WORK REQUEST ▸
All that is wanted is an exact copy of the lines below, starting at the one that contains "rooms hotelf1 salon de provence" and running to the end.

EXERCISE MATERIALS ▸
--- START ---

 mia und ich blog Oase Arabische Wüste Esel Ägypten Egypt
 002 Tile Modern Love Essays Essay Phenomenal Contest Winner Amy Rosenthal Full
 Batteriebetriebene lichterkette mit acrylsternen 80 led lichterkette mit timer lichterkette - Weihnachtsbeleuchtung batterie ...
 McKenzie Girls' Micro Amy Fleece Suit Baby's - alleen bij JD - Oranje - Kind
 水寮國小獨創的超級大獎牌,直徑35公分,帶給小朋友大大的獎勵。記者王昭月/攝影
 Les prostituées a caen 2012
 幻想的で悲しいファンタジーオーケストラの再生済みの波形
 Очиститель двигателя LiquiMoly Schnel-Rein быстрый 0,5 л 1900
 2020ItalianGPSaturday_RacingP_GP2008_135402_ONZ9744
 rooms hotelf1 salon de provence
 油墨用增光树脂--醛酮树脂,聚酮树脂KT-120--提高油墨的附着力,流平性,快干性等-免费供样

--- END ---

OUTPUT FOR THIS TASK ▸
 rooms hotelf1 salon de provence
 油墨用增光树脂--醛酮树脂,聚酮树脂KT-120--提高油墨的附着力,流平性,快干性等-免费供样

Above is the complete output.